‘Be clearer about essential services’


PETALING JAYA: Consumer groups have urged the government to revisit its criteria on what kind of business services can open during the movement control order period given the inconsistent interpretation as to what constitutes “essential services”.

Federation of Malaysian Consumers Associations (Fomca) chief executive officer Datuk Paul Selvaraj questioned the government’s criteria, adding that it had to explain its decision as this had an impact on businesses and workers.

“There must be a clear reason and there should be support for the workers.

“Is the government going to introduce a package for workers who are going to lose their jobs? What is the support for them? Is the moratorium going to be extended?

“This is arbitrary, where they just close the shops without seeing the impact on people’s lives. Businesses that have followed the SOP, there must be a reason why they are not allowed to operate, ” he said.

If a business is not allowed to operate, Paul said support must be given to its workers, adding that this should cover the entire period they are closed.

“We must think about the rakyat’s welfare. It is not just about cutting their lifestyle, their livelihoods and not doing anything about it. It is totally unjust.

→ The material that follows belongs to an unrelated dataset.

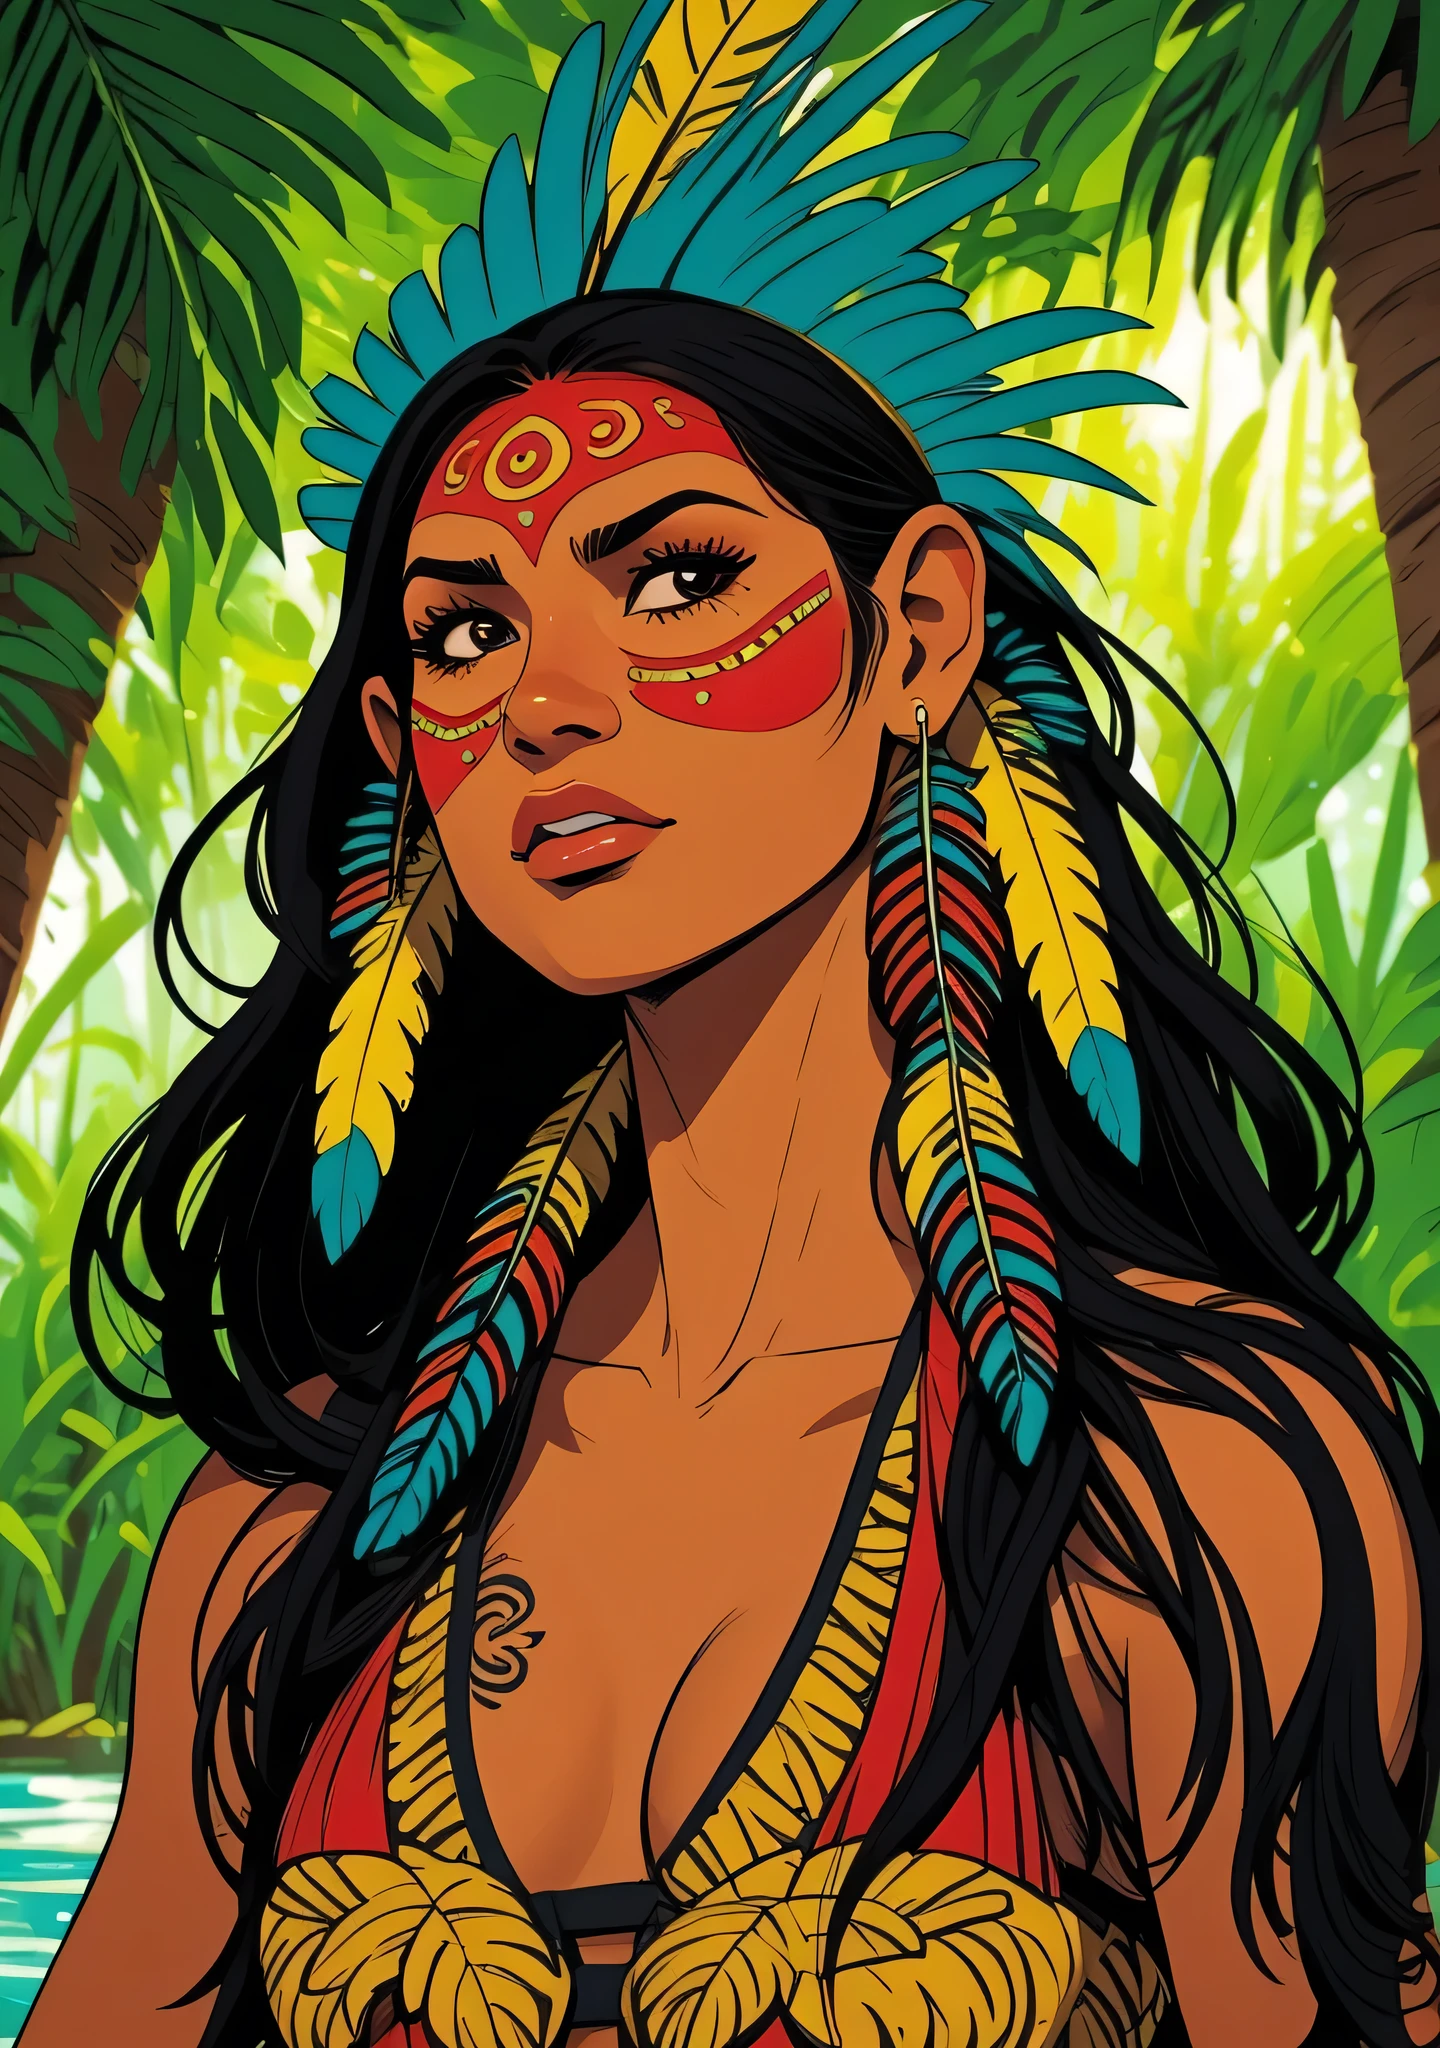 コミックアート, デジタルペインティング. 頭に羽根と羽をつけたネイティブの美しい先住民の少女, ブラジルのアマゾン先住民, 美しい若いブラジル人女性, 顔をペイントする, 熱い体, 典型的な衣装を着たヤノマミ族インディアン,高品質. アマゾンの熱帯雨林と川底. 明るい色, 映画照明. 詳細な, 複雑な, 詳細な face.
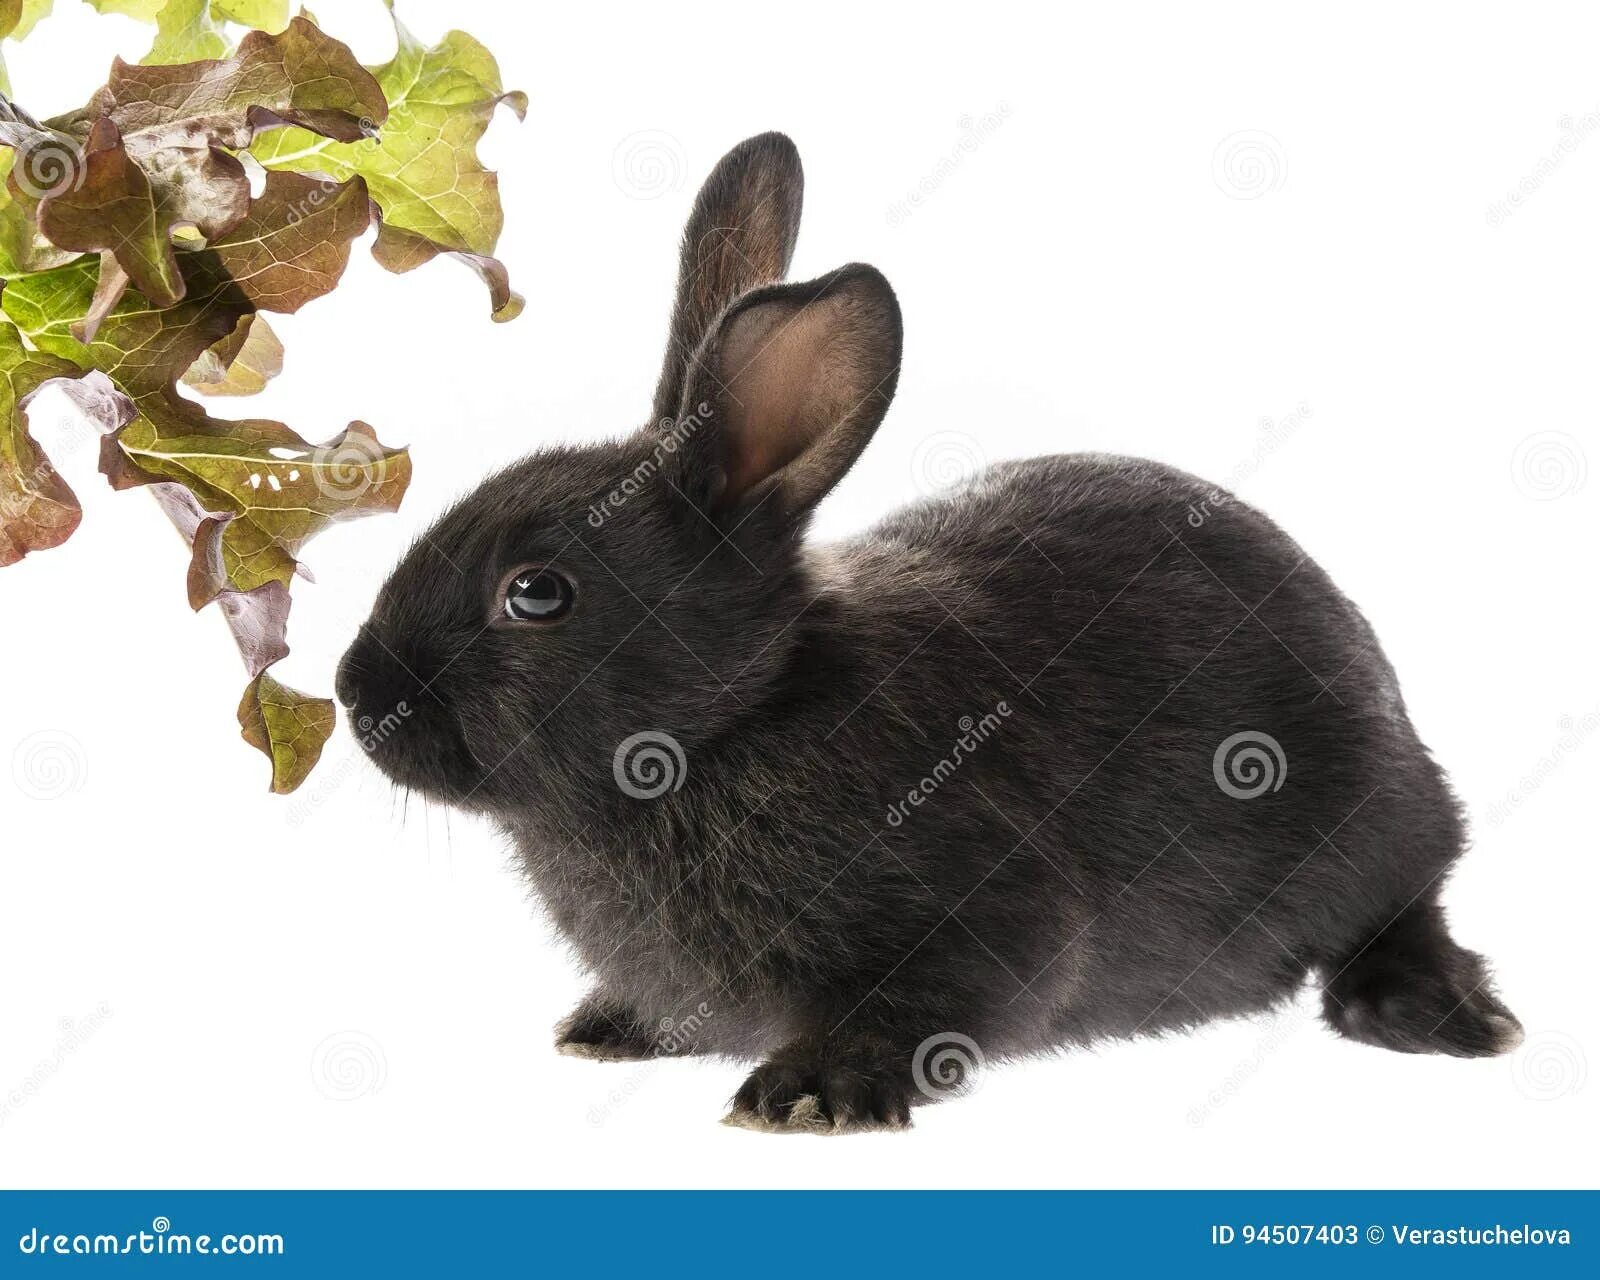 Черный кролик на английском. Черный кролик. Черный крольчонок без фона. Черный кролик без фона. Черный кролик на белом фоне.

“As much as possible, especially small businesses which employ most of their workers in Malaysia, they should be allowed to operate unless there is a particular reason for them not to, ” he added.

Under the MCO, among the types of businesses allowed to operate are shopping malls, restaurants, furniture shops, jewellery shops, electronic shops, stationery shops, bookshops, hardware shops, pet shops and petrol stations.

However, tuition centres, music centres, optical shops, hair salons, spas, reflexology centres, clothing shops and others are not permitted to operate.

Consumers Association of Penang (CAP) officer Uma Ramaswamy said a lot of confusion had arisen over this issue.

“I think we need to have a clearer picture and people need to know why some businesses have been given the go-ahead and some have not, ” she said.

Uma said “essential services” needed to be defined, questioning why optical shops were not allowed to open but jewellery shops were allowed instead.

“We feel that a lot of confusion has come up again in this MCO on what can open and what cannot open. We are urging the government to make it clearer, ” she said.

Malaysian Muslim Consumers Association (PPIM) lead activist Datuk Nadzim Johan concurred that people were in a quandary on the government’s decision in only allowing certain businesses to operate.

“We have received a lot of complaints from the ground as far as this is concerned, ” he said.

Nadzim called for the government to look into the grouses on the ground seriously, adding that there were more questions than answers that had resulted in frustration.